Locate the line that contains "越中青年共同演唱电影歌曲、表演中国传统舞蹈、演奏两国民族乐器……" in the entries below, then repeat it and every following line through the line that contains "40, 2 April 2017 - My Lady Logo (1874x501)", exactly, and no others.

● Source data

--------------------

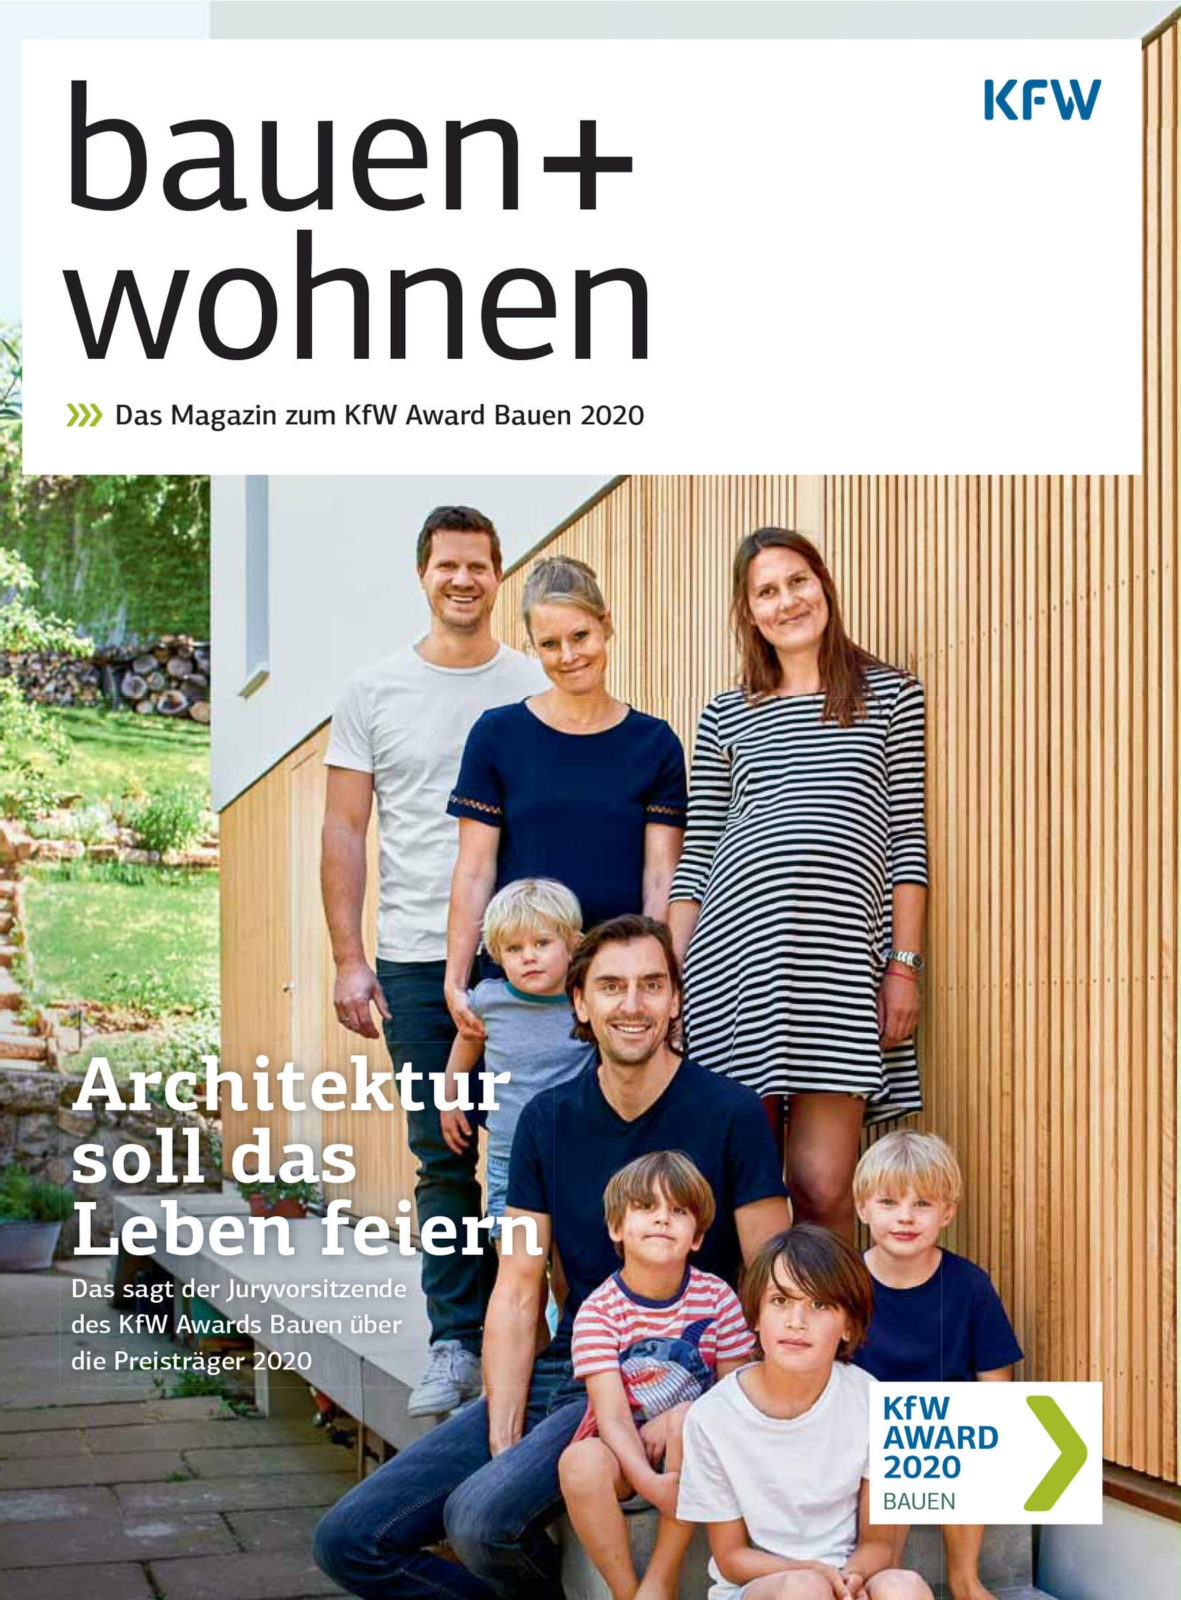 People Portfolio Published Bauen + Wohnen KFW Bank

--------------------

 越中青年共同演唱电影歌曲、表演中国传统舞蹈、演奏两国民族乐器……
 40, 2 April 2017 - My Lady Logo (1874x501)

--------------------

● Answer for this exercise
 越中青年共同演唱电影歌曲、表演中国传统舞蹈、演奏两国民族乐器……
 40, 2 April 2017 - My Lady Logo (1874x501)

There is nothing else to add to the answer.